Figure 2. Schematic representation of transforming growth factor-β (TGF-β)-inducible early response gene (TIEG) structure and function.

Figure 2

TIEG1 and TIEG2 share a structural homology of 44% within the proline-rich transcription domain (N terminus) and a 91% similarity within the three Sp1-like zinc finger motifs of the C-terminal domain, which is responsible for DNA binding. Biochemical analysis of the transcription domain revealed the presence of three highly conserved domains that behave as potent transcriptional repression domains (R1, R2, and R3). TGFβ signaling rapidly induces TIEG1 and TIEG2 expression in exocrine pancreatic cells. TIEGs then regulate the transcription of their target genes through recruiting the Sin3A corepressor complex, which contains histone deacetylase activity.

Together, these data strongly suggest that in addition to the Smad proteins, the TIEGs function as downstream mediators of TGFβ, involved in the regulation of pancreatic growth. It is not yet clear whether the TIEG proteins work with or independently of the Smads in TGFβ-mediated pancreatic cell growth control.

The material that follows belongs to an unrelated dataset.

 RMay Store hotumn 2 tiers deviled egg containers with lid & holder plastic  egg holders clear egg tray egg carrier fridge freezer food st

Transforming growth factor-β in pancreas development

In recent years, several converging lines of evidence have indicated a crucial role for TGFβ in regulating pancreatic morphogenesis. Interestingly, TGFβ affects the development of both the endocrine and the exocrine pancreas and also has an impact on the extracellular composition of the organ. Evidence suggests that TGFβ plays a significant role in the balance between the exocrine and endocrine composition of the developing pancreas [31••,32].

The TGFβ effectively controls cell proliferation of the exocrine organ by imposing a strong antiproliferative signal on acinar cells. This is strikingly seen on supraphysiologic stimulation of cultured embryonic pancreatic buds with TGFβ, resulting in increased apoptosis of acinar cells and reflecting significant regression of the acinar compartment in the developing pancreas [32]. Also, recent in vivo work by Sanvito et al. [31••] reported dramatic morphologic alterations in the exocrine pancreas of transgenic mice overexpressing TGFβ. The architecture and composition of the exocrine portion of the pancreatic gland was heavily changed in TGFβ overexpressing mice, characterized by loss of acinar cells and replacement of acini by fibrotic tissue.

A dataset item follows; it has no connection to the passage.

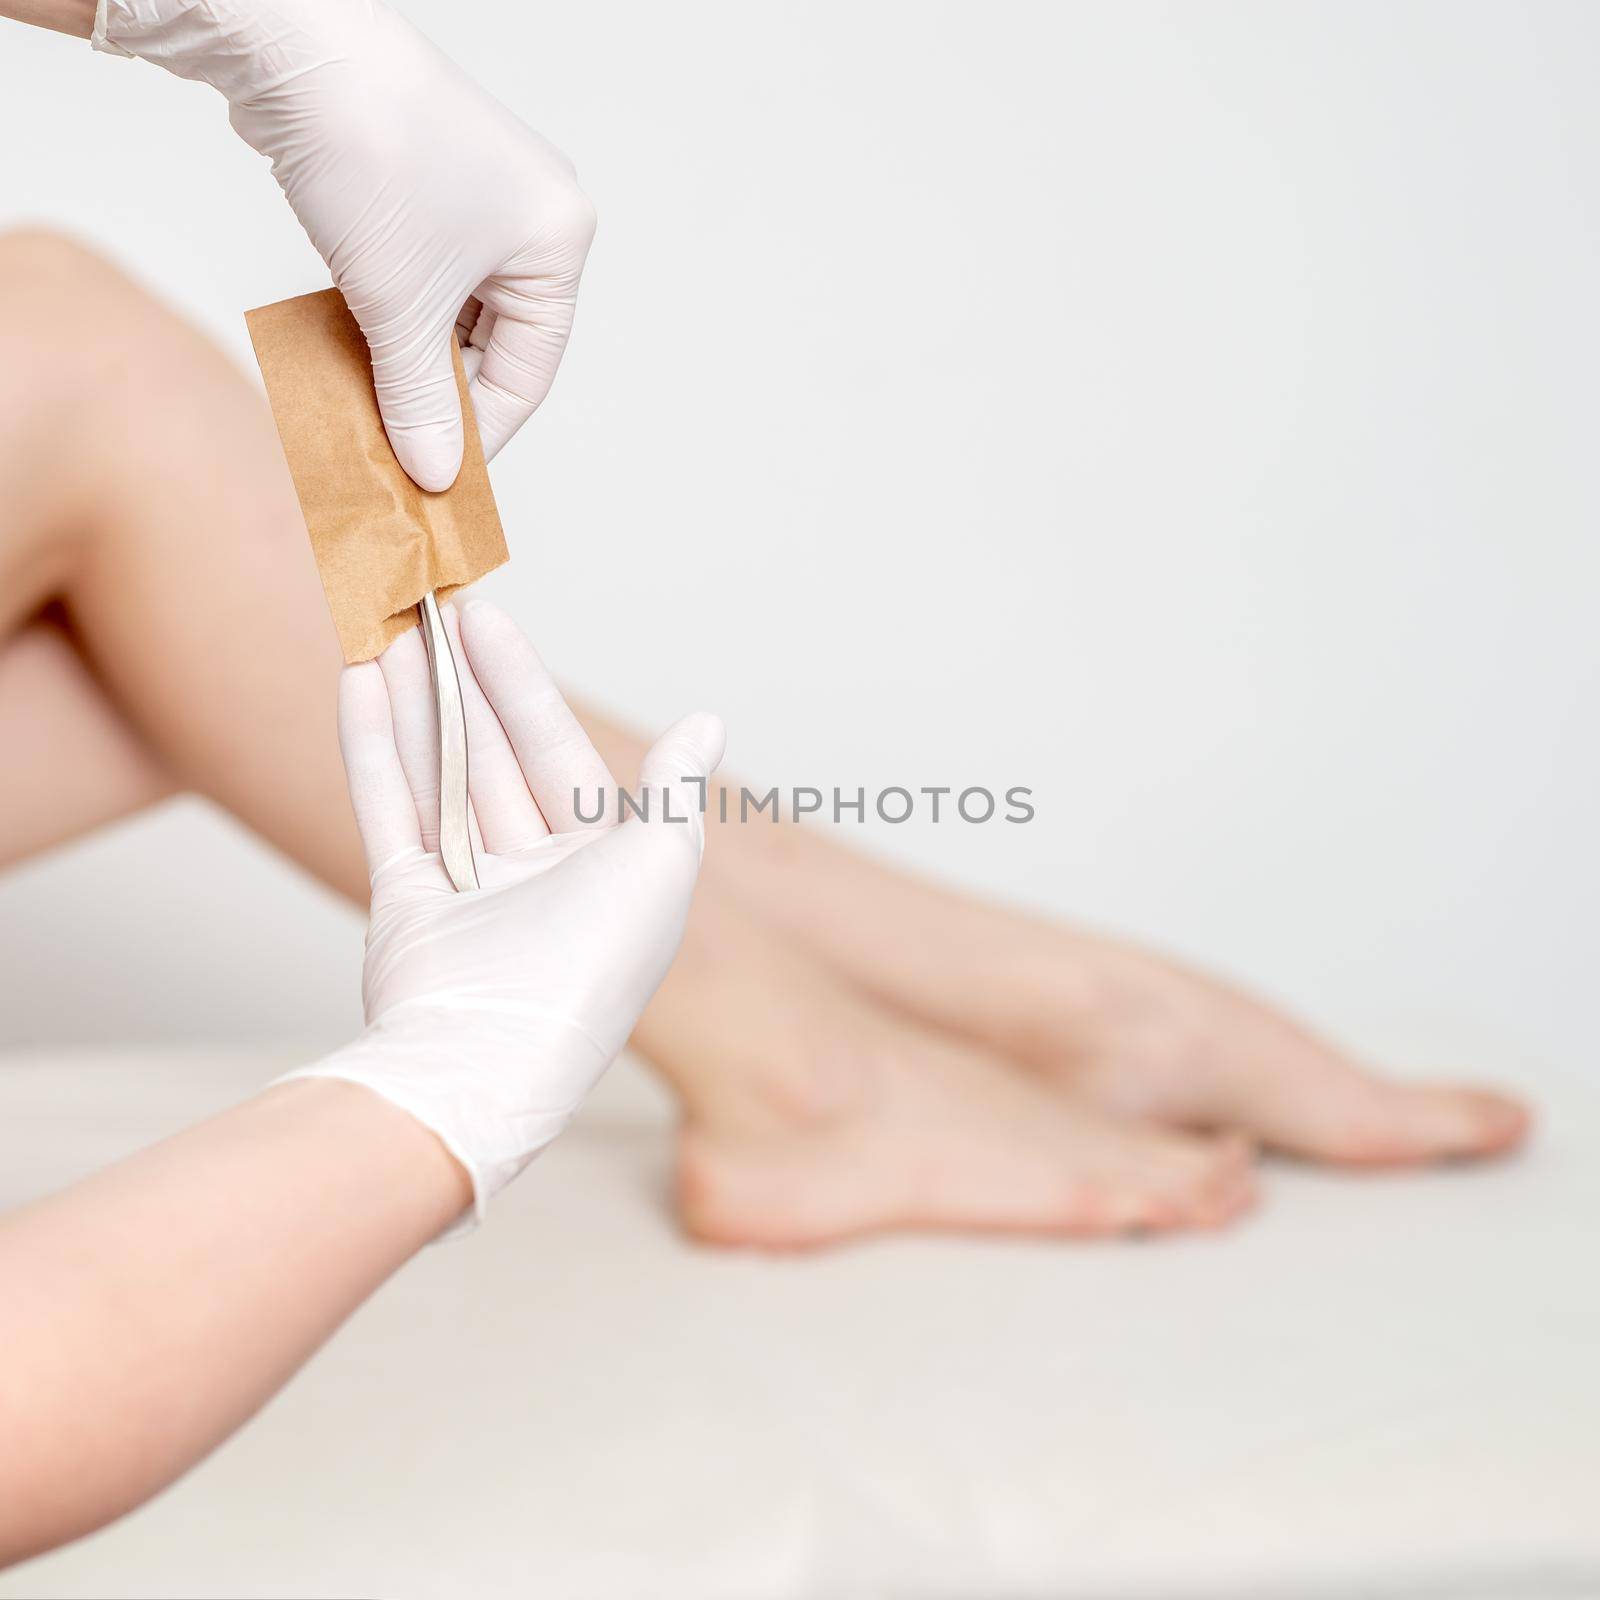 Human hands in protective gloves taking off medical or beauty tools from craft envelope before procedures on background of female legs

Mice overexpressing TGFβ also exhibit severe morphologic changes in the endocrine pancreas, indicating a significant role of TGFβ in both acinar and islet formation. Multifocal fibrosis was observed throughout the organ, with centered clusters of endocrine cells and invading exocrine tissue. Additionally, the morphology of the islets of Langerhans themselves was affected. Although the islet cells were small and appeared fragmented, the number and distribution of insulin, glucagon, somatostatin, and pancreatic polypeptide–positive cells were normal, and the transgenic mice showed neither hyperglycemia nor changes in viability and overall health [31••]. As shown by Miralles et al. [33], TGFβ strongly upregulates the expression and activation of matrix metalloproteinases. This crucial step during the development of pancreatic islets enables activated matrix metalloproteinases (eg, matrix metalloproteinase-2) to degrade extracellular matrix components and thereby allows endocrine cells to migrate into the surrounding mesenchyme to form mature islets of Langerhans. Application of specific TGFβ-neutralizing antibodies abolished the islet morphogenesis without affecting endocrine cell differentiation.

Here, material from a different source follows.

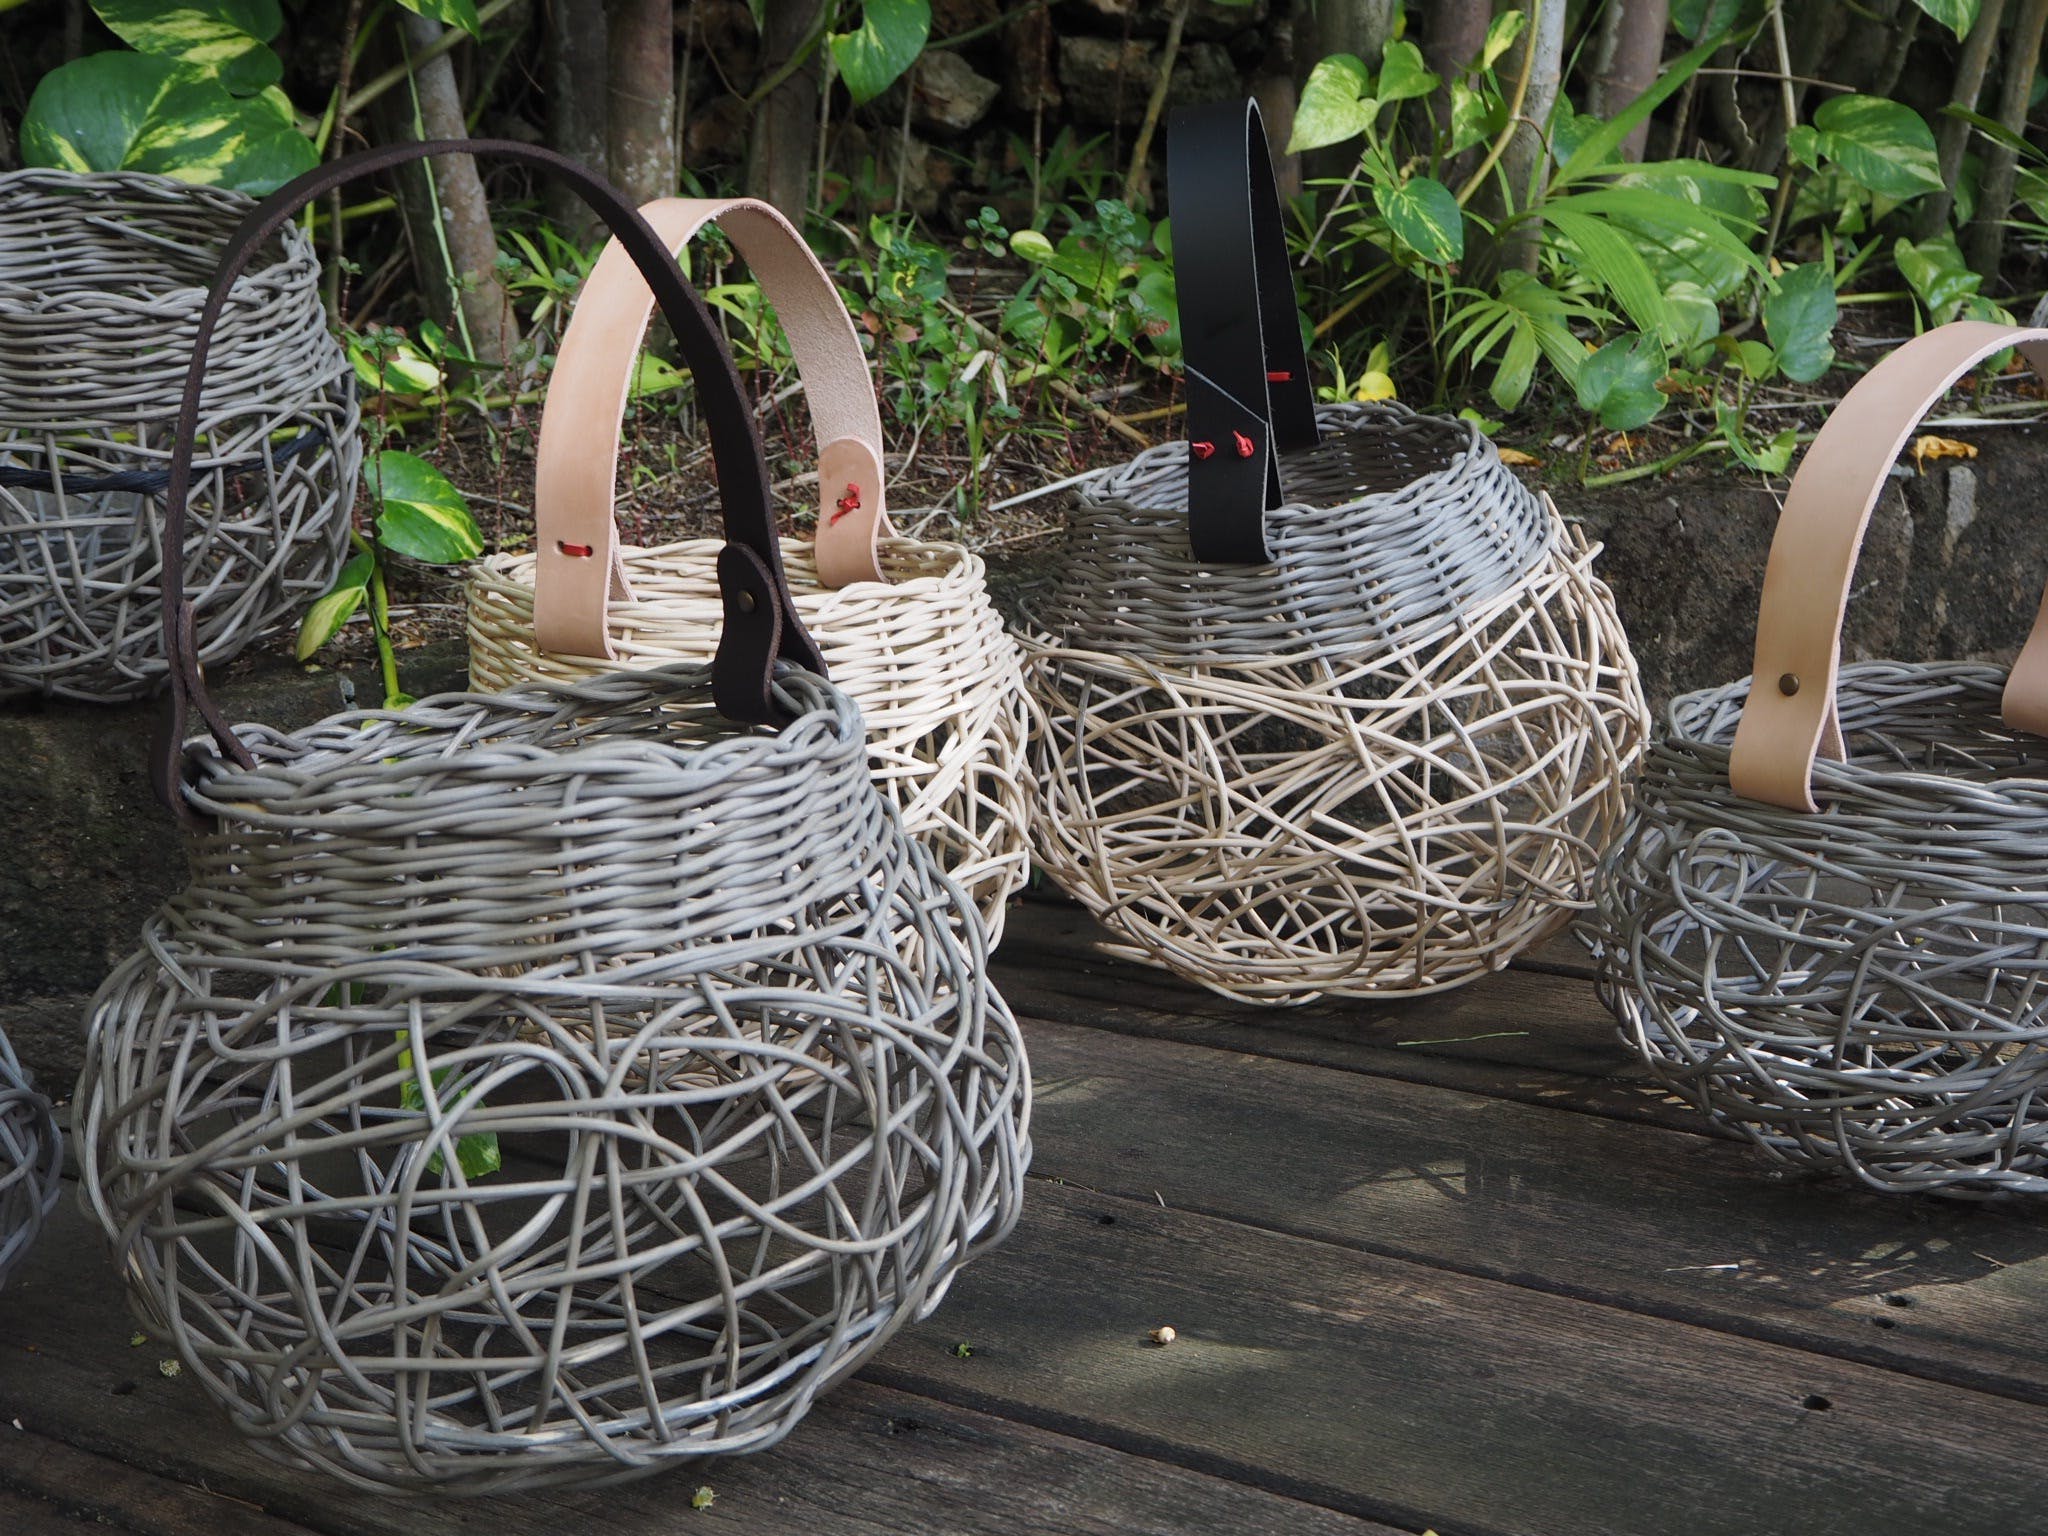 Weaving Woven Basket with Leather Handle - St Kilda Accommodation

The significance of TGFβ in pancreas development is further emphasized by recent reports describing disorders of the endocrine pancreas related to Smad mutations. For instance, hypoplasia of the β-cell, hypoinsulinemia, impaired glucose tolerance, and significant insulin resistance were observed in mice with heterozygous Smad2 mutations [34••]. Although recent studies provide increasing evidence for a critical role of TGFβ in multiple steps of pancreatic development, many effects of TGFβ in pancreatic development are still unknown and require further study to better understand the role of TGFβ signaling in this process.

Transforming growth factor-β in carcinogenesis

The TGFβ plays a dual role in carcinogenesis, acting early as a tumor suppressor but promoting tumor progression in later stages [35]. Its antiproliferative functions allow TGFβ to act as a strong tumor suppressor in early phases of tumorigenesis [36]. During tumor development, however, many tumor cells lose their growth inhibitory responses to TGFβ [37••]. This results from low expression levels of TGFβ receptors, mutations of Smad proteins, or the induction of TGFβ resistance by oncogenes. Additionally, genetic alterations within cellcycle regulators and activating mutations within proliferative crosstalk signaling pathways have been reported in association with reduced TGFβ cell growth inhibition [37••,38•].

Alterations of the transforming growth factor-β signaling pathway in pancreatic cancer

A loss of sensitivity to the antiproliferative effects of TGFβ is frequently associated with a reduced expression or inactivation of TGFβ receptors [39]. TβRII is a frequent locus of inactivating mutations and is particularly common in colon and gastric carcinomas, along with microsatellite instability as a result of defects in the DNA mismatch repair system. By contrast, there are only sporadic reports of mutations or deletions in TβRI in gastrointestinal tumors. A missense mutation in the kinase domain of TβRI has been identified in breast cancers [40], and deletions of the TβRI occur at a very low frequency in pancreatic cancer [41].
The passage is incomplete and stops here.